Analysis: Bach Suite No. 3 in D major
The instruments used in the piece are:
* Trumpet 1
* Trumpet 2
* Trumpet 3
* Oboe 1
* Oboe 2
* Violin 1
* Violin 2
* Continuo – Harpsichord or Double Bass
Why this piece is typically baroque
This is piece is baroque as it includes many of the baroque characteristics: * Perfect Cadence!! – In the concept Pitch, the perfect cadence is very obvious at the end of the sections and phrases – change from the dominant to the tonic. * Duration – the rhythmic pattern heard at the start of each gavotte, is reiterated many times throughout the piece. This also links to Pitch – the opening melody of the piece is heard many times throughout each gavotte. * The soprano (Violin 1) and bass lines are very important in the Baroque period. This is the same in this piece. The bass continuo is what all the chordal changes are based around * The Basso Continuum- very common in the baroque period
* The balance of homophonic and polyphonic textures throughout the piece is very common throughout the Baroque period. * Having each section repeated (structure) – when in Binary form (two sections to a movement), was very common Structure
The broad structure of the piece is – A (bars 1-11) A (bars 1-11 repeated) A1 (bars 12-27) A1( bars 12-27 repeated) B(bars 28-44) B (bar 28-44 repeated) B1(bars 45-61) B1(bars 45-61 repeated) A (coda back to bars 1-11) A (bars 1-11 repeated) A1 (bars 12-27 from coda) A1(bars 12-27 repeated). However, within each section there are variations of phrases repeated through The A sections and different variations of other phrases through the B sections. Section A – bars 1-11
Pitch – the key of the piece is D major, as shown in the key signature, with the non-transposing instruments having 2 sharps. This is also shown by the first and last chord of the piece being a D major chord. Bars 1-7 are in D major, however through the use of G # accidental, the key changes to A major which is the dominant. In Bar 11 there is a perfect cadence in the A major key, which finishes off the section – note E to A. For all the instruments apart from the trumpet 3 and the timpani, the range of each of these instruments is over an octave wide. The trumpet and timpani have a limited range as they only have 4 or 5 tone ranges in this section. The register of the section overall is medium to high for all instruments, however it is very hard to tell as there are leaps and jumps all over the place. This leads to the contour of the melody. The melody is played by the violins and trumpets. The melody is smooth mostly apart from an occasional leap above an octave. Mostly, they are just throughout the first, third and last phrase. In the first phrase (bars 1-2), there is a leap up over an octave, then a skip down a 3rd and a step up. This rhythm and melody line is a repeated sequence throughout the piece. It is repeated at different pitches, depending on the key at the time of the sequence. For example, the same phrase is repeated in bars 2 and 3, 5 and 6 and also 6 and 7 – shown in the musical excerpt.

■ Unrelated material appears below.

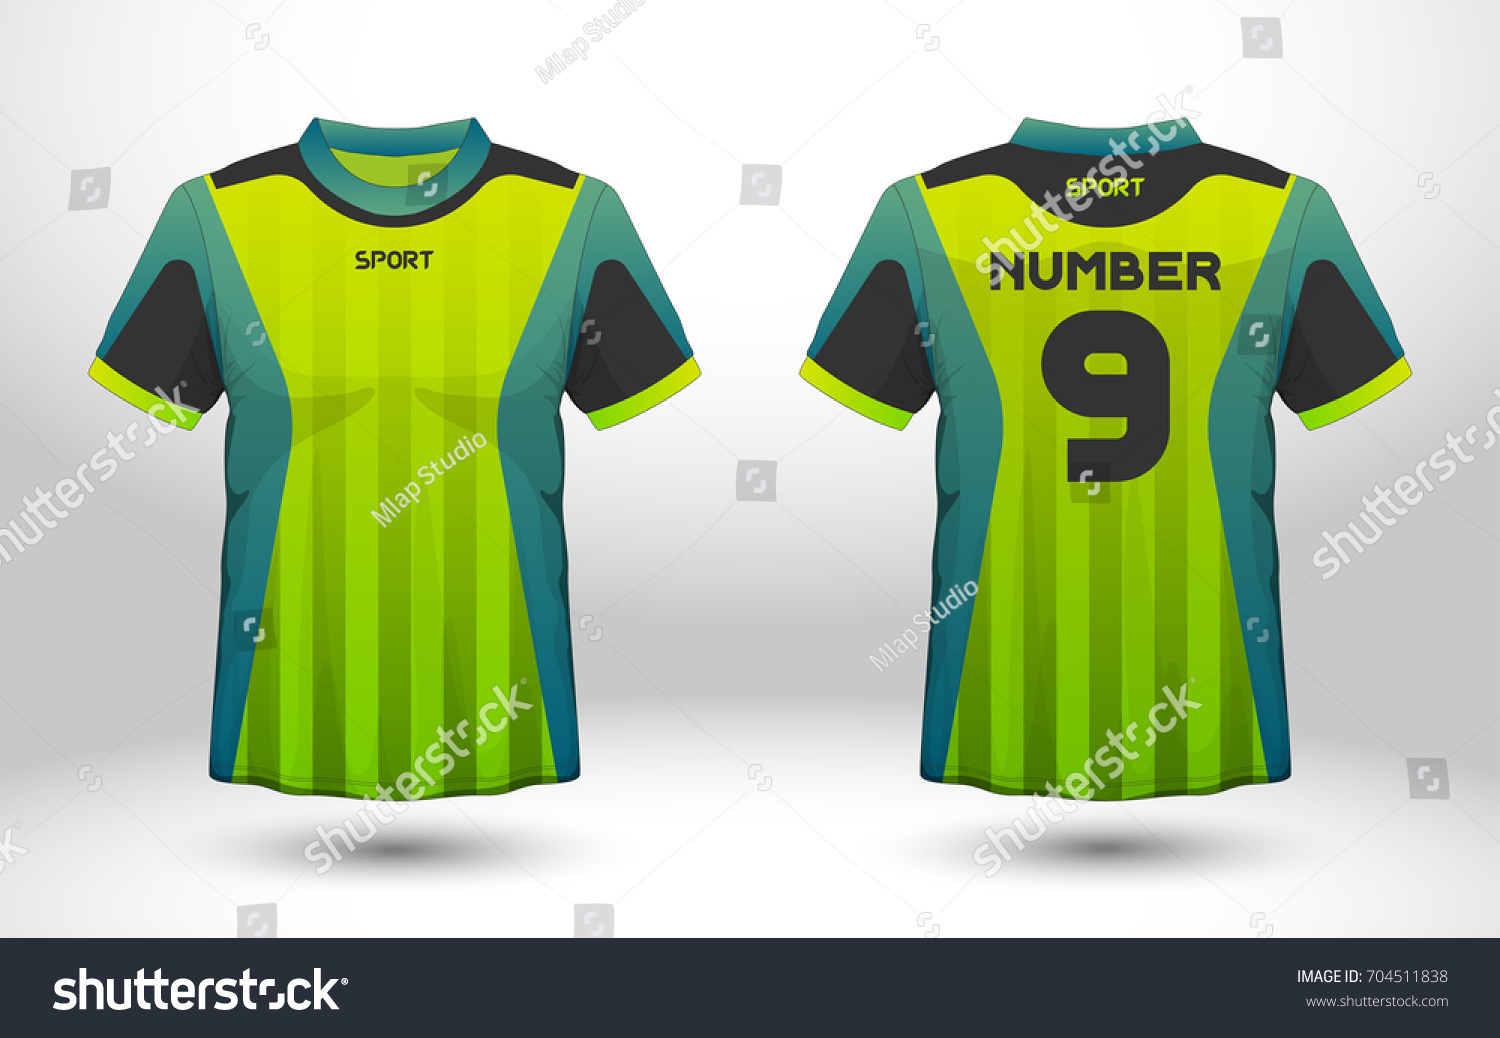 Green Black Layout Football Sport Tshirt Stock Vector 704511838 ...
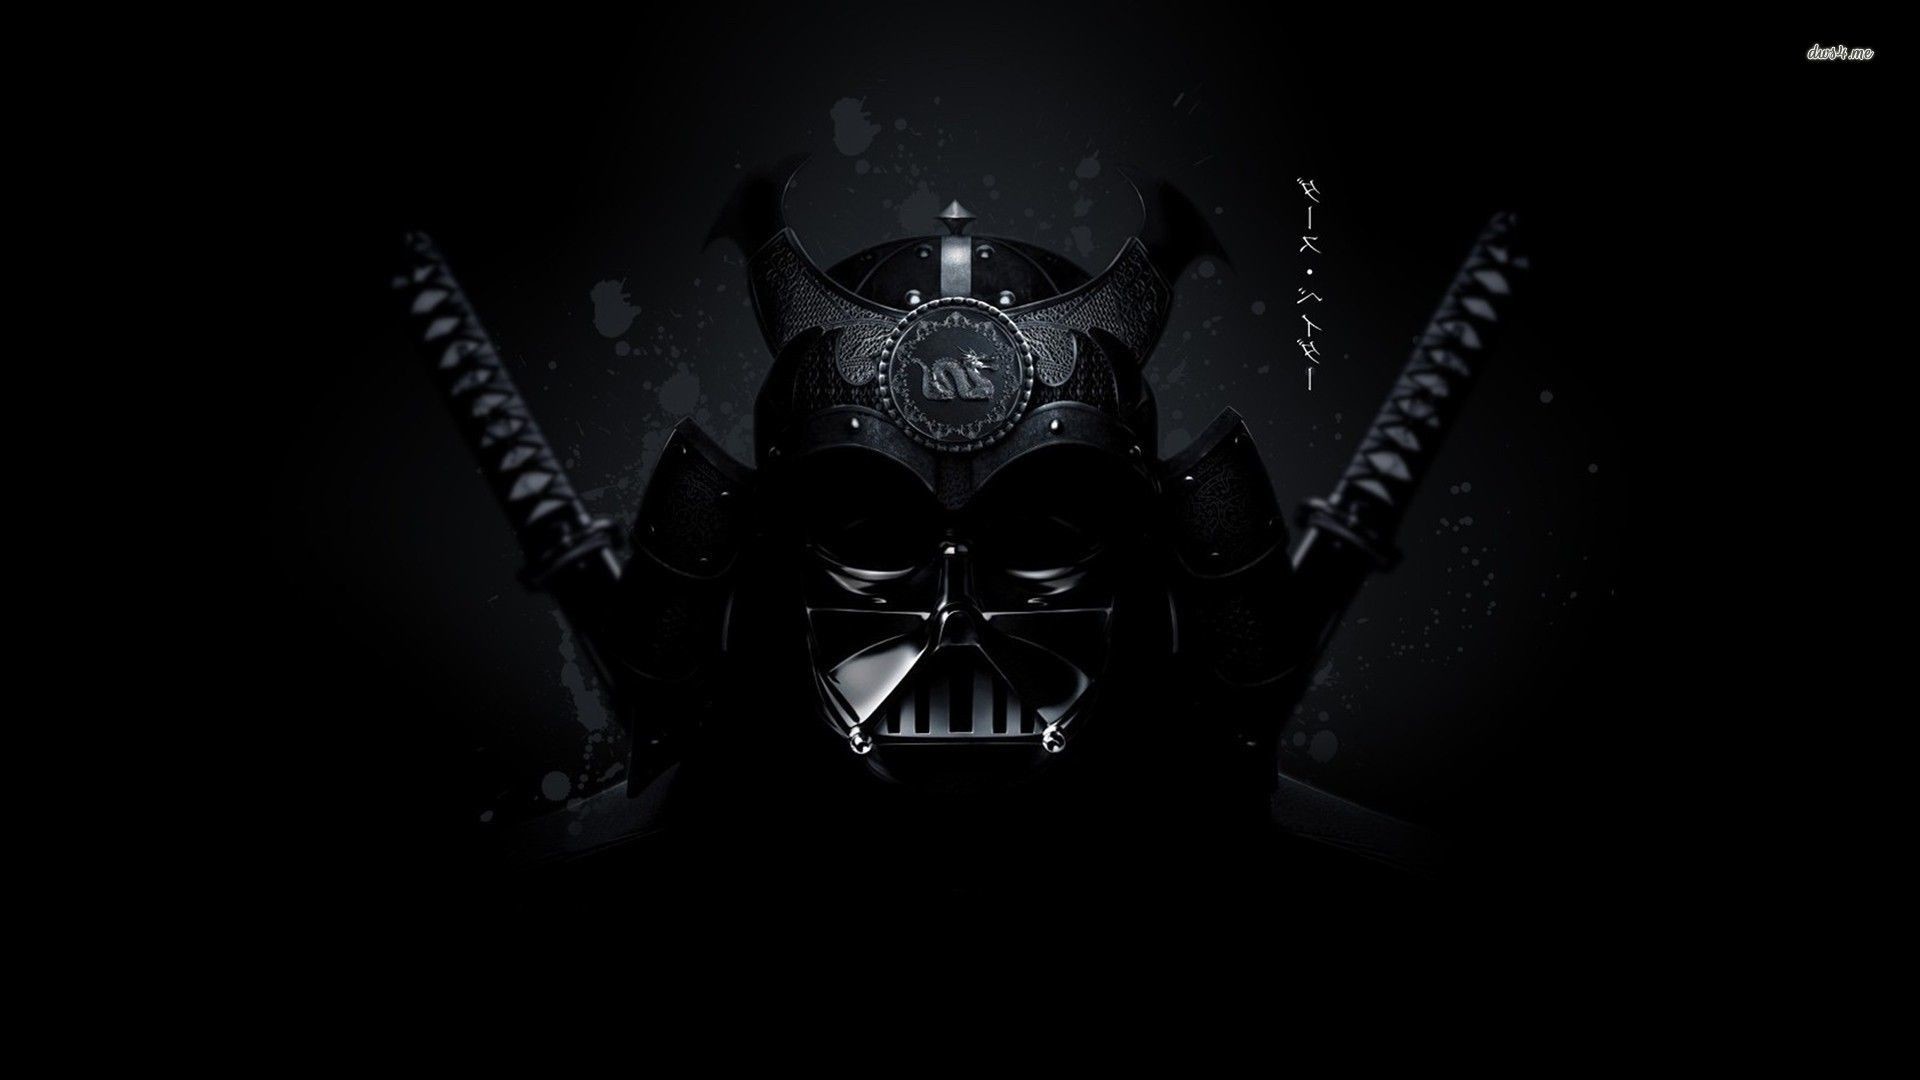 1920x1080 Samurai Darth Vader wallpaper - Digital Art wallpapers - #16166

A different sequence from bars 3-5 is also apparent. This is repeated in A major in bars 7-10. Ornamentation in bar 3 and 5 – grace notes and trills – provides decoration throughout the section. Duration – The piece is in common time – 4/4.
The lengths of notes in Section A are reasonably short. There is a repeated motif (bars 1-3) that is repeated not only in Section A, but through Gavotte 1 – a crotchet, 2 quavers and a minim (in the excerpt above). On the score there is no tempo printed, however, from listening to the piece, I would say the tempo is allegro. The metre is simple quadruple and the pulse is strict. The beat is very steady, with regular accents, falling on beats 1 and 3. The anacrusis is two beats before bar 2, providing the obvious downbeat and starting phrase of the piece. There are four phrases in Section...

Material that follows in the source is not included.